A nosotros, que gritábamos aquellos goles hasta desgañitarnos, en primera instancia nuestro profesor nos pareció, efectivamente, un extraterrestre. Sin embargo, ese insólito y fantasmal paseo encerraba algunas lecciones. Cuando todo el mundo va para el norte, es posible no imitar por defecto lo que hace la mayoría y encaminar nuestros pasos hacia el sur. A veces, incluso, esa independencia de criterio, esa libertad interior, es necesaria para descubrir la otra cara de las cosas.
Ojalá yo haya aprobado esa bolilla fuera de programa, por más que hoy comparta la expectativa con la que los argentinos esperan el partido de mañana. Lo que me parece, después de haber seguido este Mundial de Qatar con bastante atención, es que cada vez han de quedar menos locos lindos como mi profesor de filosofía. A menos que acordemos que los locos son los que están del otro lado. No recuerdo otro Mundial que se haya vivido con un fervor más desatado, no solo en la Argentina, sino en el mundo. Miren por ejemplo ese plano sobre la tribuna que la TV ofrece en cámara lenta después de cada gol. Es una muestra de los extremos a los que puede llegar el sentimiento humano. Los hinchas del país que convirtió el tanto saltan con los brazos en alto mientras el rostro, convertido en una enorme boca, se les desfigura en una mueca más cercana al delirio que a la alegría. Del otro lado, los que se quedan fuera de la competencia se bañan en lágrimas, mancomunadamente unidos en una aflicción y un desconsuelo sin fondo que, por compartido, parece todavía más profundo.
Qatar prueba que al mundo no lo mueve la razón, sino las pasiones. Cada vez más, los mundiales parecen la ocasión en que la aldea global se permite asumir esta verdad sin complejos. Conviene, llegado el caso, que los nacionalismos, el amor a los colores propios o el más elemental sentido de pertenencia adopten la forma de un juego y no sean manipulados por líderes cínicos para alimentar guerras. Además, el Mundial es una inmejorable oportunidad para que los adultos nos comportemos como chicos sin que nadie venga a pedirnos explicaciones. En medio de esta fiebre contagiosa, está permitido que un circunspecto escribano o un gerente de banco lleguen al estadio con la cara pintada, el número 10 en la espalda y un sombrero de bufón celeste y blanco, y con voz ronca y ojos desorbitados le expliquen al movilero, y a través suyo al país entero, cómo debe jugar la selección para llevar la copa a casa. No solo está permitido. Es lo que se espera.
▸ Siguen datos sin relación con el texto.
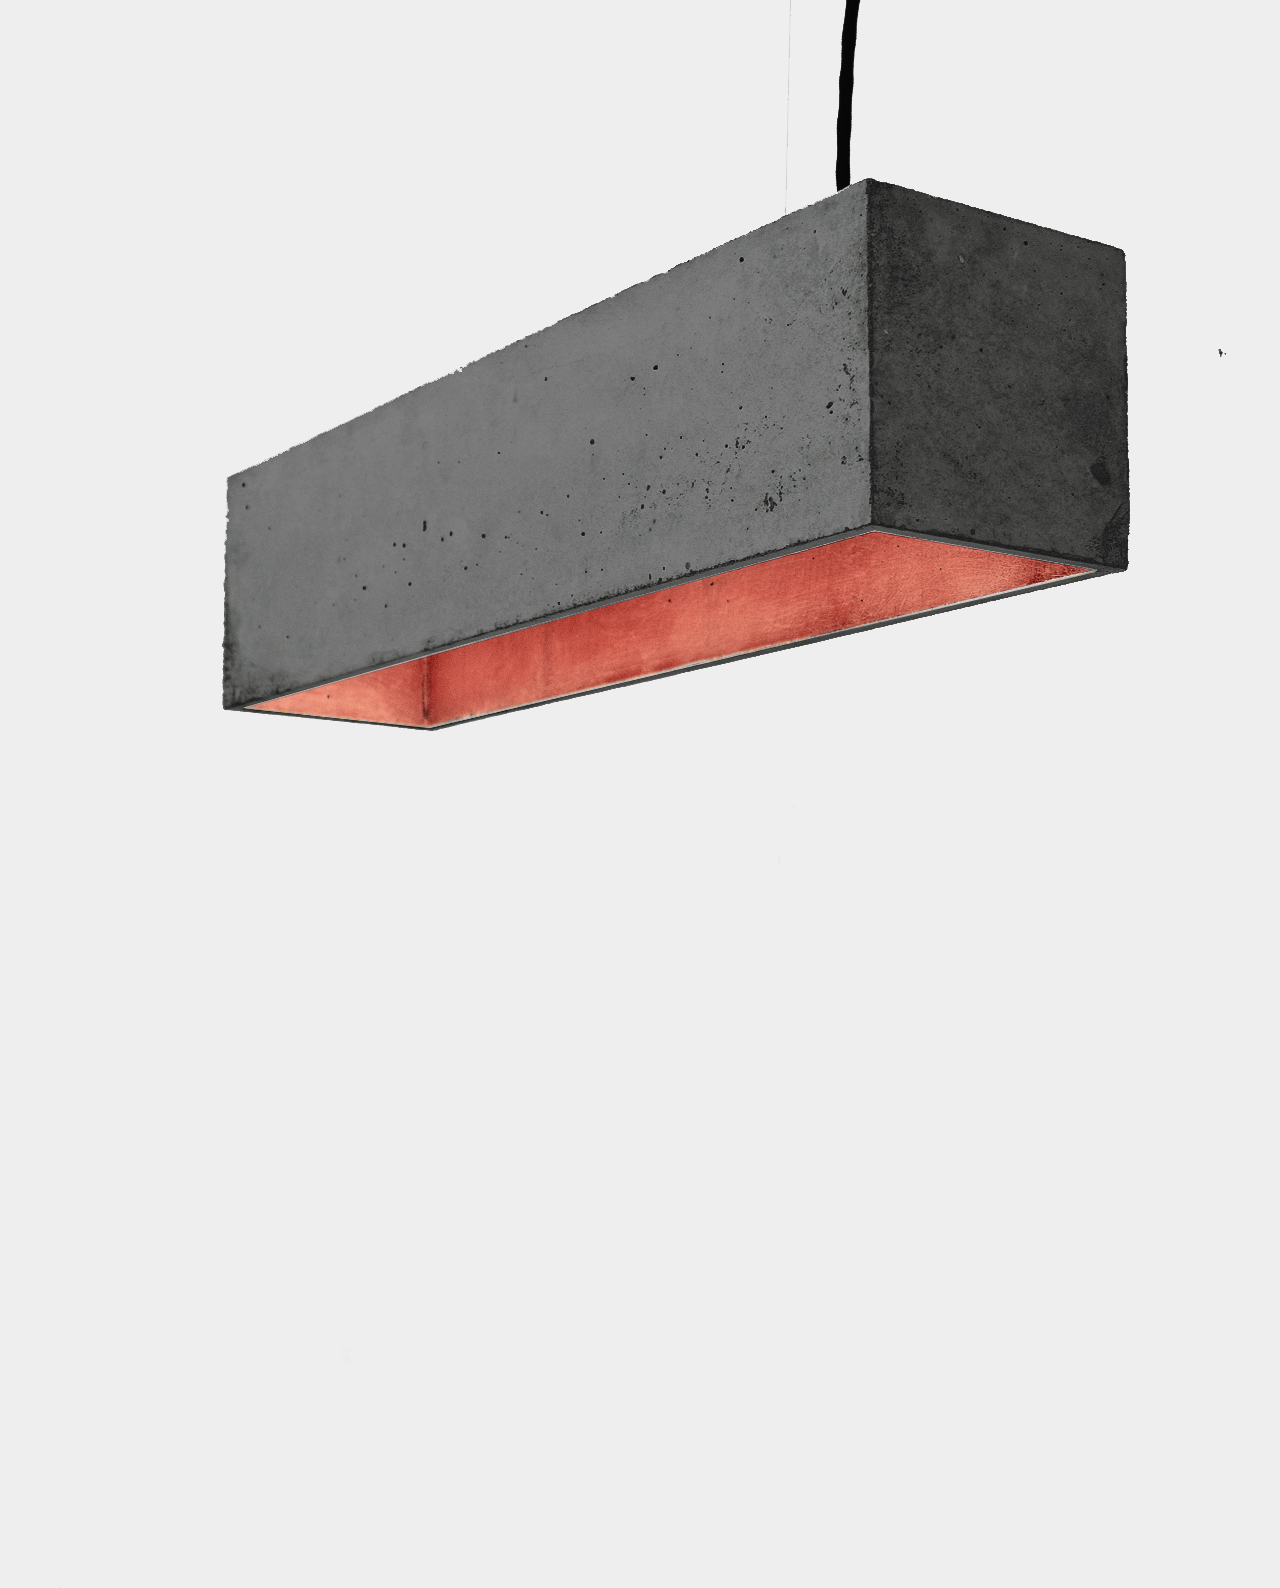 esstischlampe malou black jetzt online kaufen. Black Bedroom Furniture Sets. Home Design Ideas

Me gusta esta selección. Me gusta el liderazgo de Messi. Se basa en el respeto y no en el temor, a diferencia de otros. Pero lo que más me gusta es que el equipo deja todo en la cancha. Aunque confían en el resultado, los muchachos ponen el énfasis en el proceso. Hay aquí una gran lección para una sociedad exitista como la nuestra, que siempre ha reparado más en los fines que en los medios. Dejar el alma en la cancha. Así en todo lo que hacemos o al menos en aquello que nos importa. Esto no asegura el resultado. No todos somos Messi. Pero nos permite llegar a nuestra mejor versión.●
Qatar prueba que al mundo no lo mueve la razón, sino las pasiones. Los mundiales son la ocasión en que la aldea global se permite asumir esta verdad sin complejos.